Tri-City health care sector ranks as region’s second largest work force
By D. Patrick Jones
Despite recent challenges faced by local hospitals, health care here is acquiring all the features of a major medical center. Benton-Franklin Trends data makes this quite clear, tracking the share of the work force employed in the five highest-employing sectors. Health care is the second from the bottom in the graph. A visual inspection — or the pointer on your computer screen — will show a gain. In fact, the gain is the largest among the five.
In 15 years, the health care work force has climbed from fifth to second place in Benton and Franklin counties. Or, from 8.2 percent to 11.5 percent of the total work force. Among the top five employing sectors, only agriculture also has increased its share. In terms of jobs, health care has added 6,700 over the past 15 years, far more than the second- and third-fastest sectors of government and agriculture, respectively.
What forces have driven this? What parts of health care have climbed the most?
We first need to understand how economists track this sector. It is typically presented in four sub-sectors: ambulatory care, hospitals, nursing and residential care facilities, and social assistance organizations.
Ambulatory care is the largest, encompassing many “industries.” Among them are offices of physicians, dentists, chiropractors, various therapists, optometrists, mental health practitioners, kidney dialysis, outpatient mental health and substance abuse counselors, medical labs, home health services and blood banks.
Nursing and residential care facilities include nursing homes but also those for the developmentally disabled, centers addressing mental health and substance abuse, as well as continuing care and assisted living.
Social assistance organizations, strictly speaking, do not provide medical care. Yet, their work undergirds community health. Organizations counted in this sub-sector run the gamut, from child and youth services to community food and community housing services, and from vocational rehab to child care centers.
So which of these have grown the most in the greater Tri-Cities? Unfortunately, data don’t allow for a clear conclusion due to the necessary protection of sub-sectors with few players. Counts from ambulatory care, undoubtedly the largest, are thankfully available starting in 2005. Here the gain of employees has been about 2,500, or a percentage change of more than 75 percent. This growth has been more than twice the rate observed in Washington state.
For the other sub-sectors, we can only be guided by statewide numbers. If the experience in local health care has largely mirrored the state’s, headcounts in hospitals have grown but not as fast as those in social assistance organizations. Staff at nursing and residential care facilities have likely been the slowest to expand.

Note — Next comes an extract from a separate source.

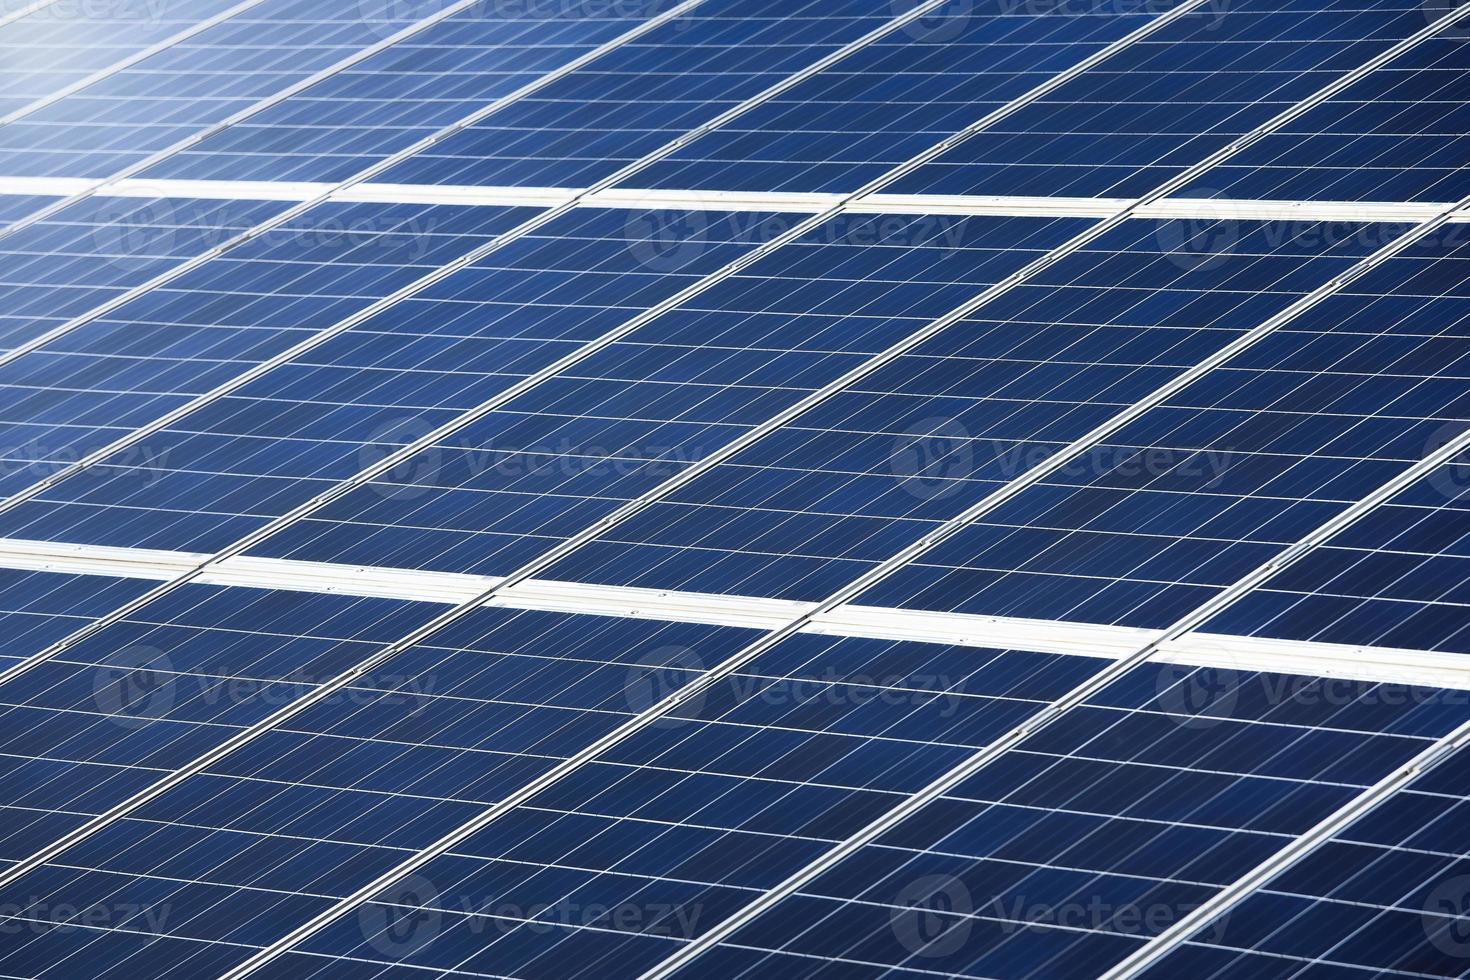 panel fotovoltaico para textura o patrón de generación de energía foto

Why do we care? Certainly one reason is that good health is a paramount desire of everyone. A reason that economists will advance lies in wages: many, but hardly all, of the occupations found in these industries pay well. Benton-Franklin Trends data reveals that the sector overall ranked third among the top five for annual wages. In 2017, the annual wage amounted to slightly more than $46,000. (Online readers can easily simplify the graph by clicking off boxes of the legend.)
This average actually lies below the average wage for all employed in the two counties. Yet, the sector shows great variation. Staff at social assistance organizations were paid a meager $22,500 in 2017. Local workers in ambulatory care, on the other hand, earned about $52,500 in Benton County and $57,000 in Franklin County. If the local distribution among the sub-sectors follows the state pattern, the average paid to hospital staff was higher yet.

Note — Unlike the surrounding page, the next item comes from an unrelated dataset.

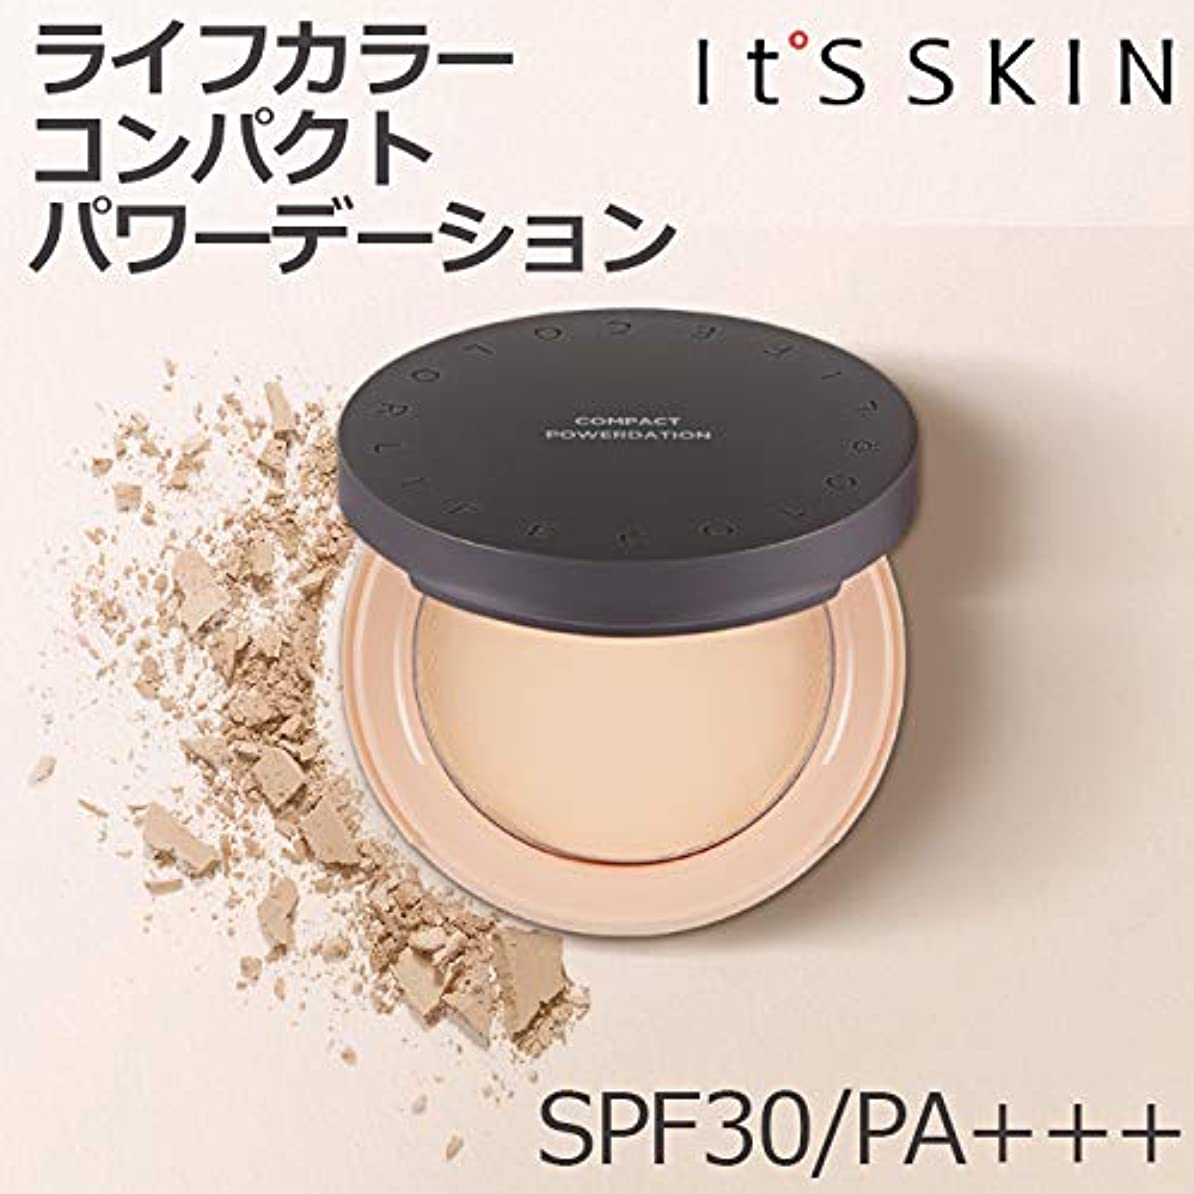 Its skin イッツスキン ライフ カラー コンパクト パワー デーション 13g (2カラー 選択1) 23号 メディウム,パウダー

Another reason we should care lies with the local labor market: it is signaling that health care workers are in high demand. Thanks to a state survey compiled by the Department of Employment Security, we know the top 25 occupations in demand.
For the most recently available month, September, the ranking was telling. In Benton County, nurses posted the highest number of openings. Other health care professions followed: physicians and surgeons placed sixth and 10th; family practitioners 11th; medical service managers 14th. The list wasn’t quite as long in Franklin County, but nurses placed second among the postings there.
To return to an earlier question: what lies behind this growth in health care work force? An obvious cause rests in population growth. As Trends data reveals, the number in the two counties has shot up by a cumulative 42 percent since 2002, more than twice the rate of our robustly growing state and more than three times the rate of the U.S.
A second reason lies in rising incomes. Health follows wealth, or we prefer to “consume” more health care as incomes rise. As Trends data maps out, nominal incomes per person have increased, cumulatively, more than 50 percent over the same interval.
These two measures of the greater Tri-Cities show few signs of faltering. It seems safe to project that the health care work force will only continue to gain a larger share of all employment in the two counties.
Patrick Jones is executive director for Eastern Washington University’s Institute for Public Policy & Economic Analysis.